Od czynnego stanu spadku odjął Sąd zapłacony przez pozwanego podatek od spadków i darowizn oraz długi spadkowe z tytułu kosztów pogrzebu.

Przyjął zatem Sąd Okręgowy łączną wartość majątku w postaci lokalu, działki i prawa najmu garażu na kwotę (...) zł wynikającą z opinii biegłego powołanego w rozpoznawanej sprawie, którą uznał za rzetelną i miarodajną, od sumy tej odjął długi spadkowe z tytułu poniesionych przez pozwanego kosztów pogrzebu oraz uiszczonego podatku od spadków i darowizn i otrzymał kwotę (...). Jedna ósma tej kwoty (ułamek ten wynikł z obliczeń arytmetycznych przedstawionych wyżej w związku z tym, że wyżej opisane składniki majątkowe objęte były wspólnością ustawową Jerzego i Sabiny S.) to (...). Do sumy tej dodał Sąd 1/4 należnej sumy świadczenia wyrównawczego z tytułu rekompensaty od pracodawcy, (1/4 ze względu na to, że roszczenie o wypłatę tych świadczeń nie wchodziło w skład majątku wspólnego na podstawie art. 33 pkt 7 k.r.io.). Dało to łączną kwotę należnego powodowi zachowku w wysokości (...).

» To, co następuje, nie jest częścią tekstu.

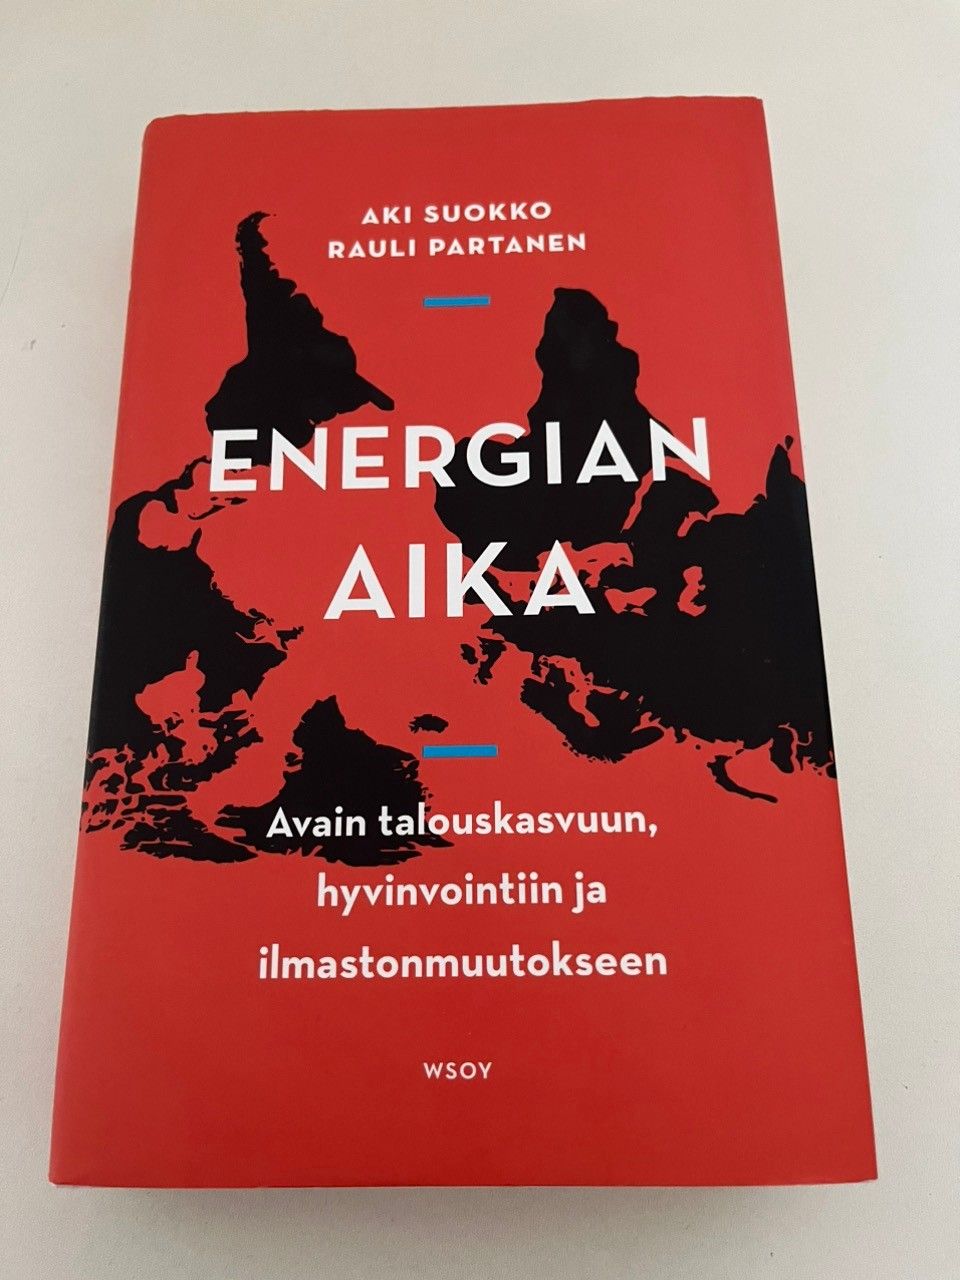 Energian aika; Aki Suokko, Rauli Partanen

Kwota ta była jednak jedynie punktem wyjścia do dalszych rozważań. Wskazał bowiem Sąd Okręgowy, że pozwany podniósł ważki dla rozstrzygnięcia zarzut niezgodności żądania z art. 5 k.c.

Powołując się na utrwalone w orzecznictwie stanowisko stwierdził sąd I instancji, że nie jest wykluczone stosowanie art. 5 k.c. do roszczeń o zachowek i uznał, że działanie powoda czyniącego użytek z przysługującego mu prawa jest sprzeczne z zasadami współżycia społecznego i z tej przyczyny nie zasługuje na ochronę w pełnym zakresie.

W ocenie Sądu Okręgowego w świetle reguł i wartości moralnych powszechnie społecznie akceptowanych żądanie zapłaty należności z tytułu zachowku od samotnego, 74–letniego, schorowanego ojca, jedynym składnikiem majątku którego jest niewielki lokal mieszkalny, wyposażony w stare meble, musi być ocenione wybitnie negatywnie, zwłaszcza, że pozwany utrzymuje się wyłącznie z bardzo skromnej emerytury. Orzeczenie o zapłacie na rzecz powoda pełnej sumy doprowadziłoby zapewne do sytuacji, w której lokal pozwanego (w którym zamieszkuje od wielu lat) zostałby zlicytowany w toku egzekucji komorniczej, czego nie da się pogodzić z zasadami słuszności.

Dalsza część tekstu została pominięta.